Plant Sciences Department, University of Cambridge, Downing Street, Cambridge CB2 3EA, UK; School of Biological Sciences, University of Bristol, 24 Tyndall Avenue, Bristol BS8 1TQ, UK; Laboratoire Reproduction et Développement des Plantes, Université de Lyon, ENS de Lyon, UCB Lyon 1, CNRS, INRA, 69342 Lyon, France.
Laboratory of Growth Regulators, Centre of the Region Haná for Biotechnological and Agricultural Research, Faculty of Science of Palacký University and Institute of Experimental Botany CAS, Šlechtitelů 27, 78371 Olomouc, Czech Republic.
Curr Biol. 2019 Aug 19;29(16):2743-2750.e5. doi: 10.1016/j.cub.2019.06.083. Epub 2019 Aug 1.
The diverse forms of today's dominant vascular plant flora are generated by the sustained proliferative activity of sporophyte meristems at plants' shoot and root tips, a trait known as indeterminacy [1]. Bryophyte sister lineages to the vascular plants lack such indeterminate meristems and have an overall sporophyte form comprising a single small axis that ceases growth in the formation of a reproductive sporangium [1]. Genetic mechanisms regulating indeterminacy are well characterized in flowering plants, involving a feedback loop between class I KNOX genes and cytokinin [2, 3], and class I KNOX expression is a conserved feature of vascular plant meristems [4]. The transition from determinate growth to indeterminacy during evolution was a pre-requisite to vascular plant diversification, but mechanisms enabling the innovation of indeterminacy are unknown [5]. Here, we show that class I KNOX gene activity is necessary and sufficient for axis extension from an intercalary region of determinate moss shoots.
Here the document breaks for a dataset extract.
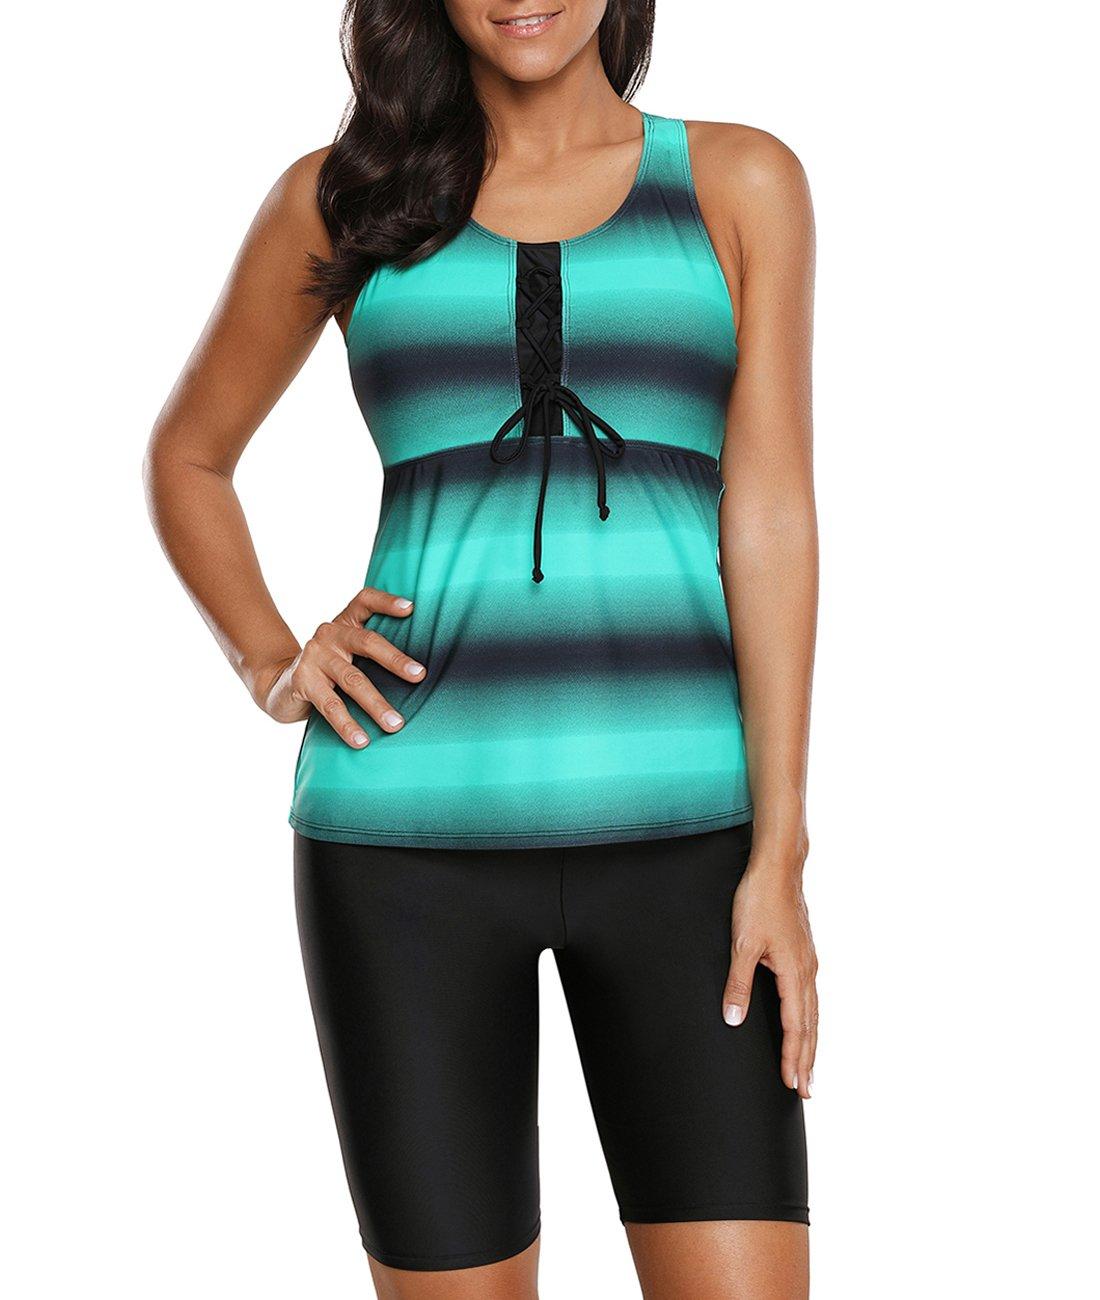 Urchics Womens Plus Size Racerback Tankini Swimsuit Rash Guard Swimwear Green XL

As in Arabidopsis, class I KNOX activity can promote cytokinin biosynthesis by an ISOPENTENYL TRANSFERASE gene, PpIPT3. PpIPT3 promotes axis extension, and PpIPT3 and exogenously applied cytokinin can partially compensate for loss of class I KNOX function. By outgroup comparison, the results suggest that a pre-existing KNOX-cytokinin regulatory module was recruited into vascular plant shoot meristems during evolution to promote indeterminacy, thereby enabling the radiation of vascular plant shoot forms.
今天占主导地位的维管植物区系的多种形式是由孢子体分生组织在植物的芽和根尖的持续增殖活动产生的,这种特性被称为不定性[1]。与维管植物亲缘关系密切的苔藓类植物缺乏这种不定性分生组织,其整体孢子体形式包括一个单一的小轴,在形成生殖孢子囊时停止生长[1]。调控不定性的遗传机制在开花植物中得到了很好的描述,涉及到 I 类 KNOX 基因和细胞分裂素之间的反馈环[2,3],并且 I 类 KNOX 表达是维管植物分生组织的一个保守特征[4]。在进化过程中,从有性生长到不定性的转变是维管植物多样化的先决条件,但使不定性创新的机制尚不清楚[5]。在这里,我们表明 I 类 KNOX 基因的活性是从有性苔藓芽的居间区延伸轴所必需和充分的。与拟南芥一样,I 类 KNOX 活性可以通过 ISOPENTENYL TRANSFERASE 基因 PpIPT3 促进细胞分裂素的生物合成。PpIPT3 促进轴的延伸,PpIPT3 和外源细胞分裂素可以部分补偿 I 类 KNOX 功能的丧失。通过与外群的比较,结果表明,一个预先存在的 KNOX-细胞分裂素调节模块在进化过程中被招募到维管植物的芽分生组织中,以促进不定性,从而使维管植物芽形式的辐射成为可能。